Patient and clinician views on an app for rheumatoid arthritis disease monitoring: Function, implementation and implications

Aim Best practice management for rheumatoid arthritis (RA) involves regular clinical assessment of RA disease activity. This is not achievable with current rheumatology systems of care. We aimed to use opinions from people with RA and their specialist rheumatology healthcare professionals to inform development of a mobile app for people with RA for recording their disease activity data for potential integration into clinical service, and assess usability of the app. Method In phase 1 we interviewed nine people with RA and seven healthcare professionals.
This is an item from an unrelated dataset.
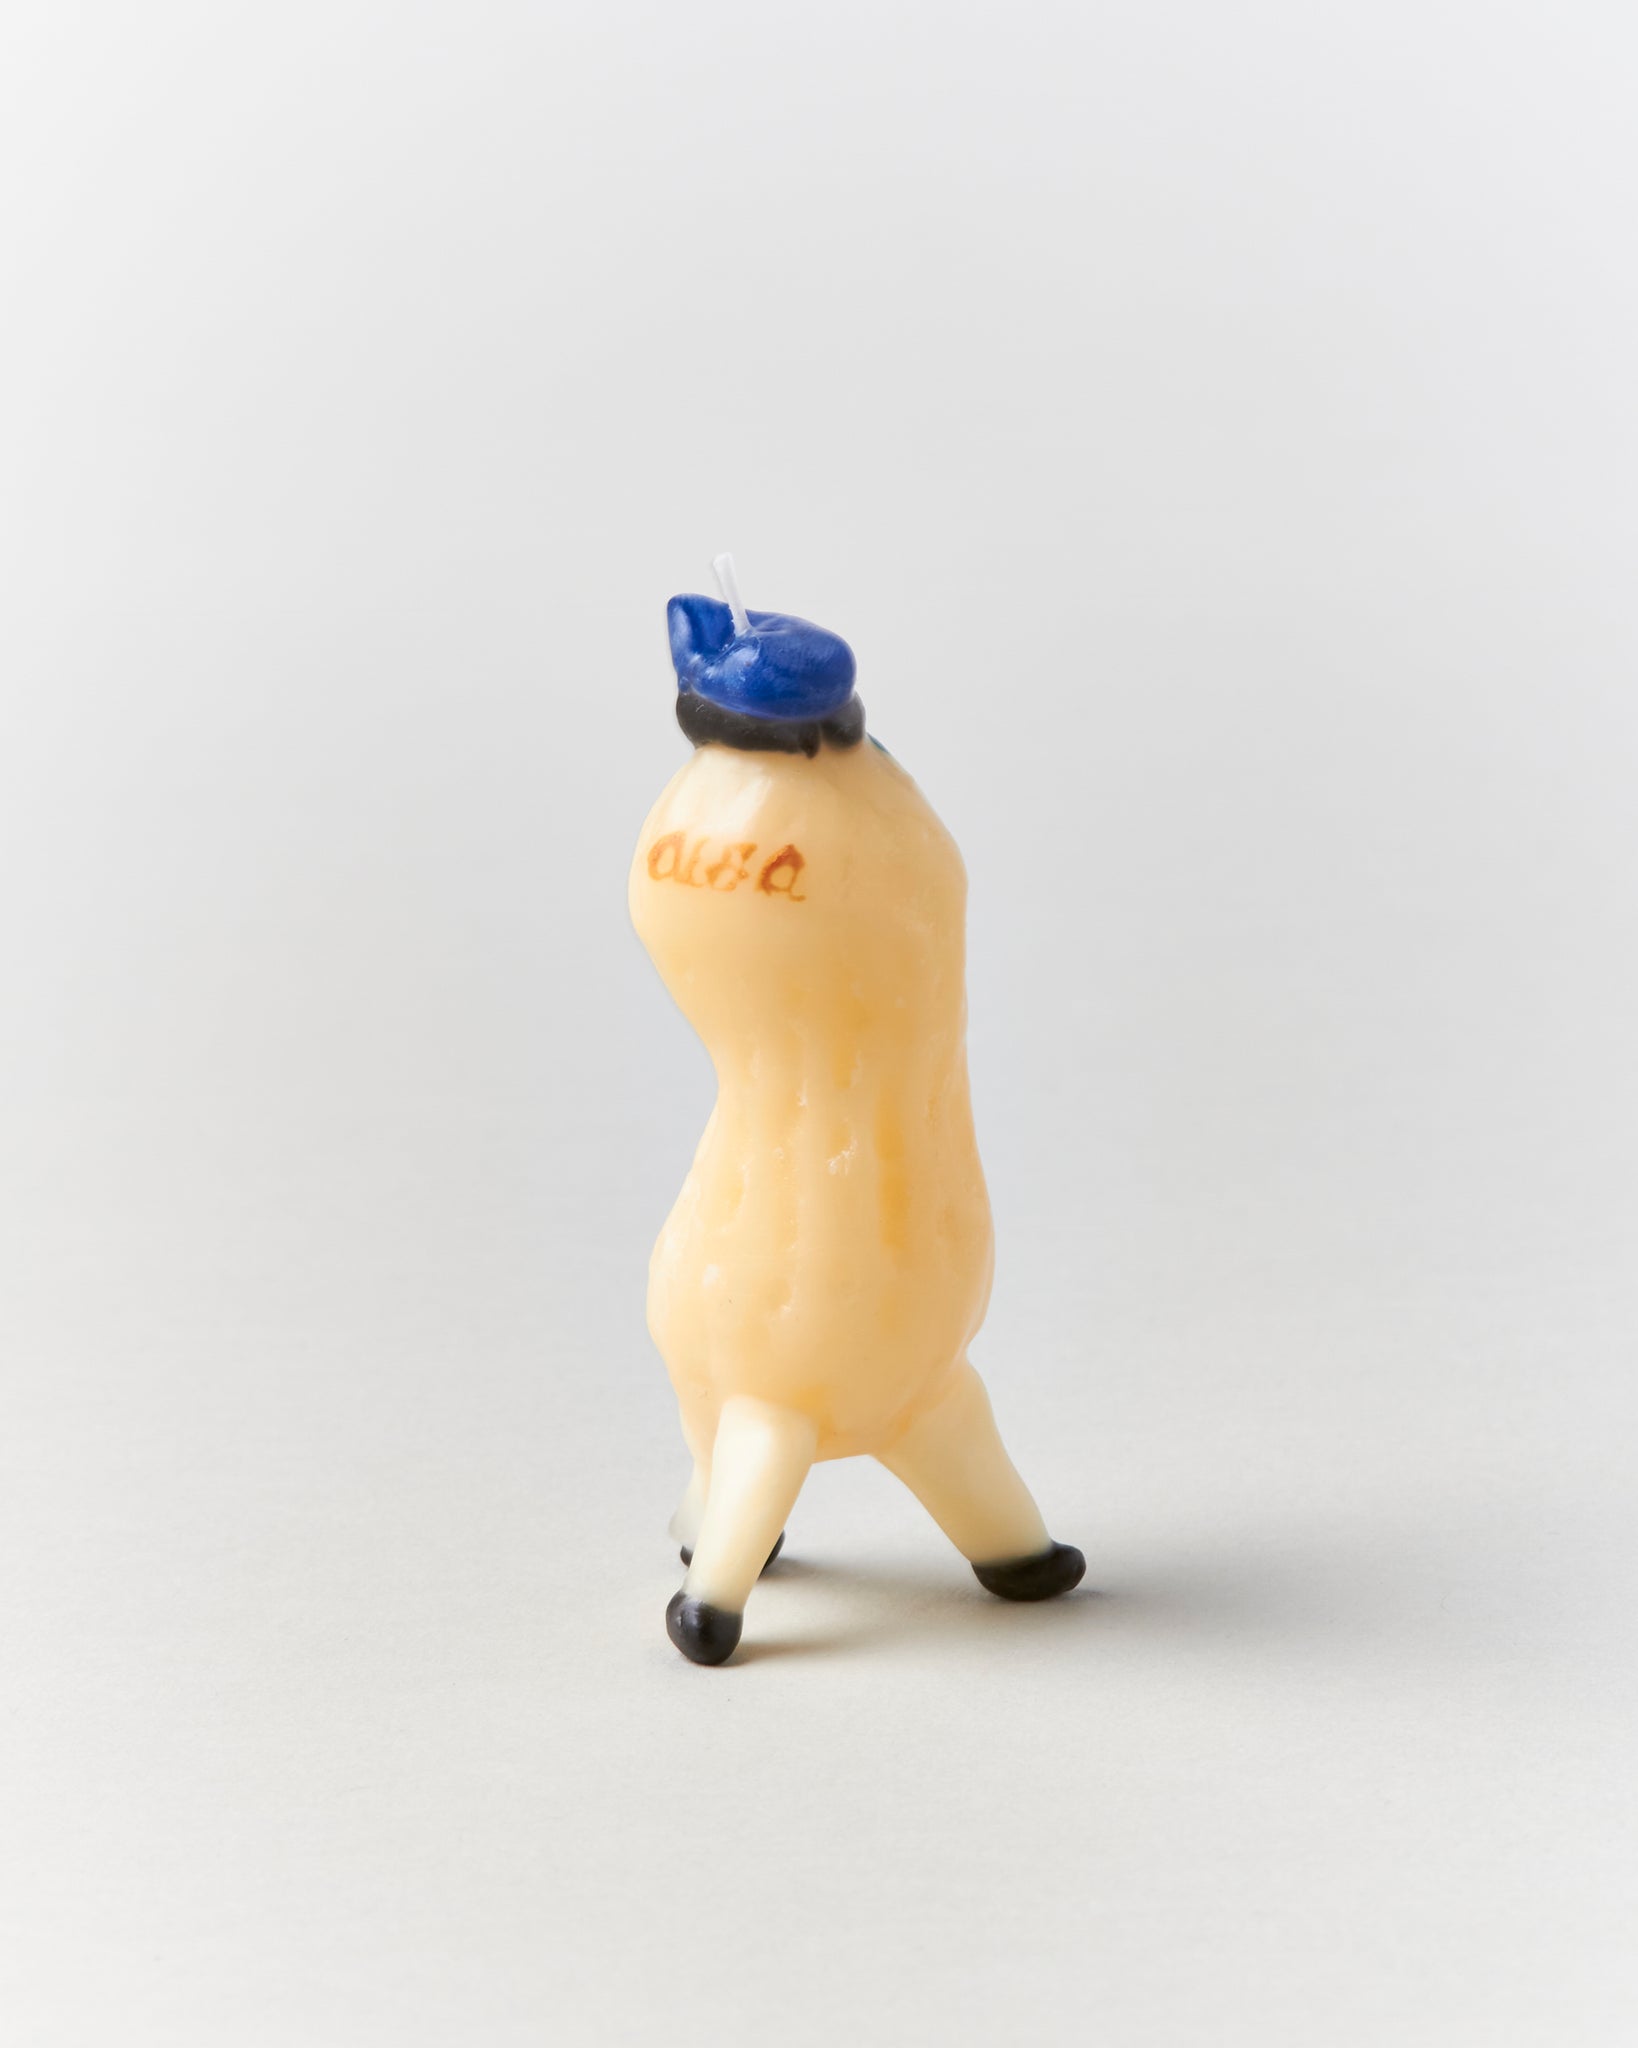 Andy the Peanut Candle

In phase 2 we developed an app with professional software developers. In phase 3 we evaluated app usability for people with RA using the System Usability Scale (SUS). Results Interview data showed four themes regarding functionality and implementation of a patient‐held app in RA care: (a) variable app acceptance and readiness; (b) app use to reduce barriers; (c) pros and cons of patient‐reported outcomes; and (d) allocation of clinics by need. The app developed has high usability in people with RA using the app on their own device for a month (SUS 79.5, n = 16) or using the app on a study device for 10 minutes (SUS 83, n = 100). Conclusion People with RA and healthcare professionals have clearly identified features, benefits and risks of an app for self‐assessment of RA and incorporation into clinical care. An app developed informed by these opinions has high usability. Next steps are development and validation of a method of patient‐performed joint counts, and implementation, with evaluation, in the clinical setting.